----------------
### Reservoir sampling
--------------------

- `Reservoir sampling` is an algorithm used to sample `k` items from a `stream of items` with unknown length, such that each item has an equal probability of being chosen.

In [6]:
import random
import numpy as np

In [12]:
# Say you have a stream (or list) of integers from 1 to 1000 
# and you want to sample 10 of them.
stream = range(1, 101)

In [13]:
stream

range(1, 101)

- Reservoir Sampling algorithm to sample k items from a stream.
    
    - param stream: The input stream of items.
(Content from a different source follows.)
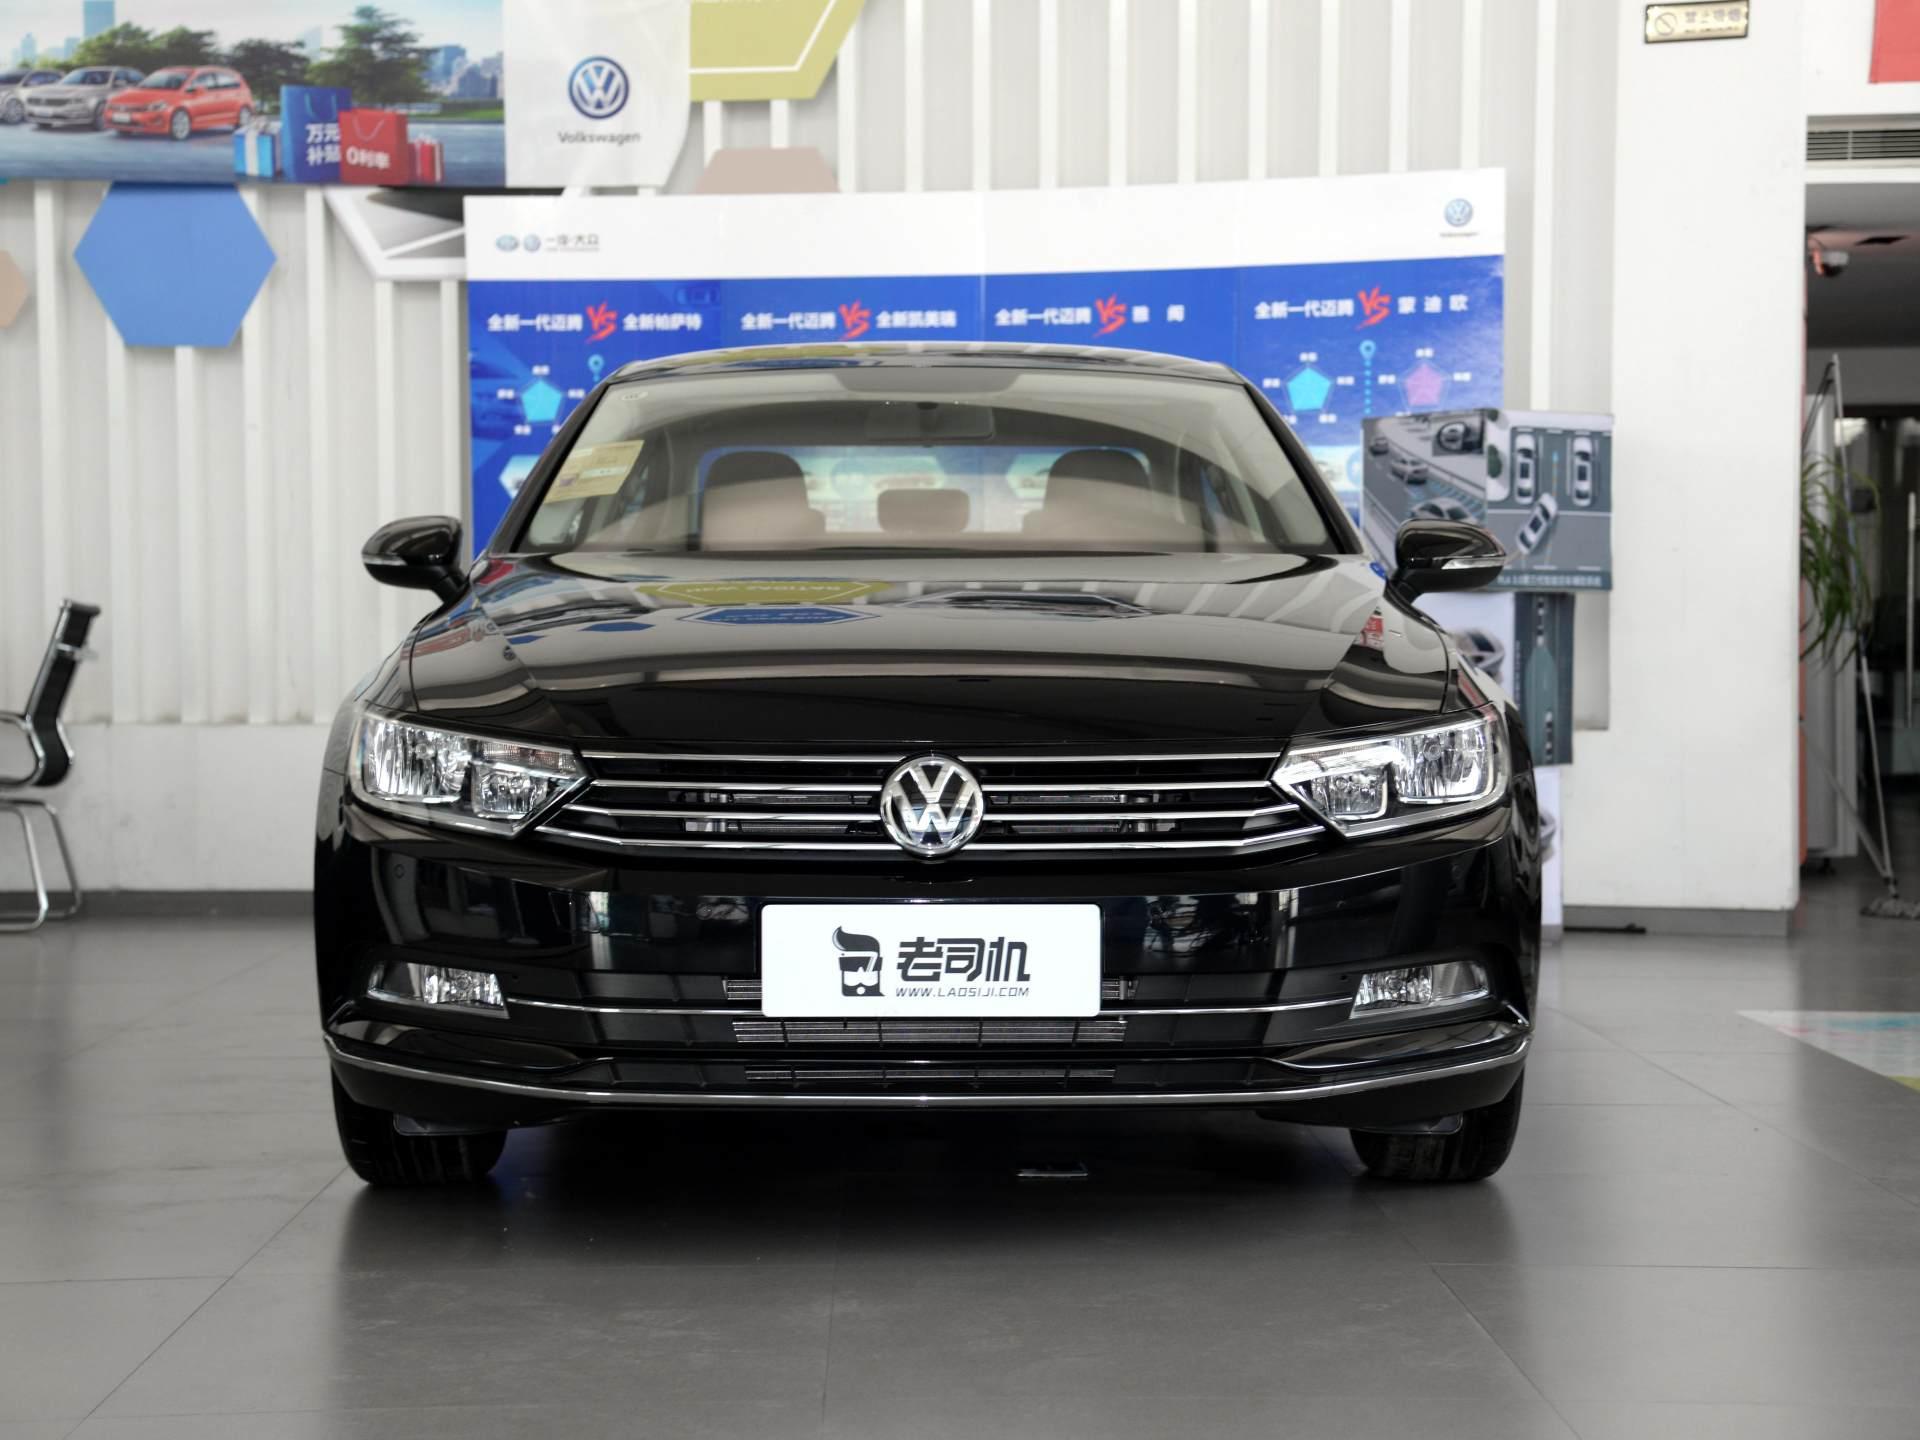 隻要價格到位,這車能超越雅閣,2.0T+2.87米軸距,8月銷量1.8萬輛-圖2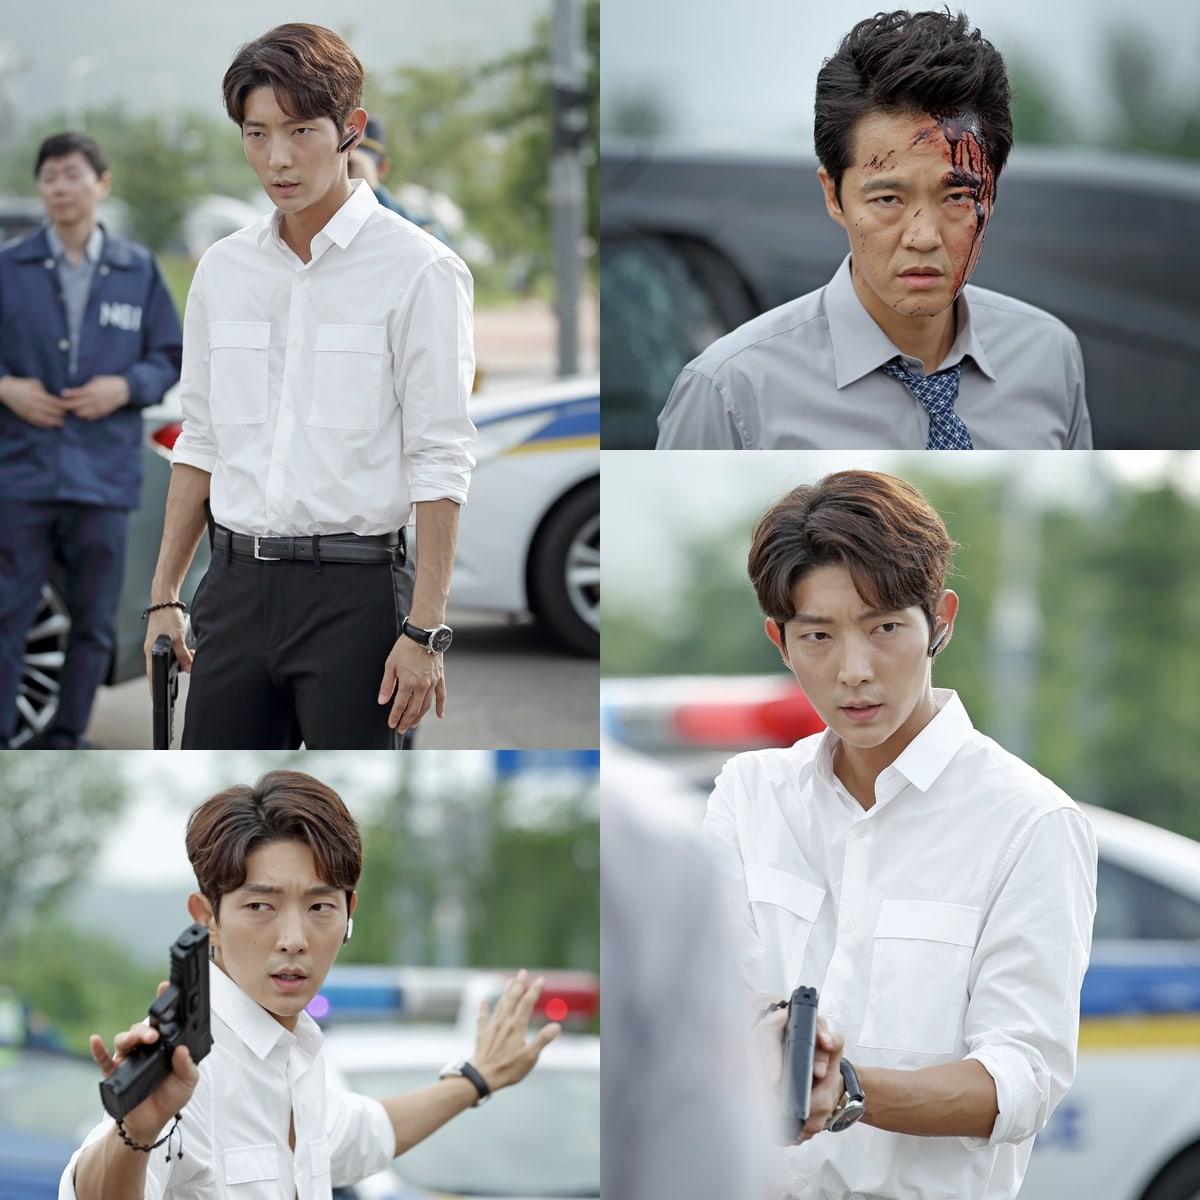 """Lee Joon Gi Is Cool Under Pressure During Dangerous Case In """"Criminal Minds"""" Stills"""

Can be a list, iterator, or a generator.
    - param k: The number of items to sample from the stream.

In [16]:
reservoir = []
k = 10

In [17]:
for i, item in enumerate(stream):
    if i < k:
        # First k items always go in the reservoir
        reservoir.append(item)
    else:
        # Randomly replace items in the reservoir 
        # with a decreasing probability
        # Choose an index from 0 to i
        j = random.randint(0, i)
        if j < k:
            reservoir[j] = item

In [18]:
reservoir

[87, 78, 31, 60, 5, 47, 66, 48, 86, 90]

For the first k items in the stream, they are directly selected to the reservoir. 

So, their probability of being in the reservoir after the entire stream is processed is $\frac{k}{k} =1$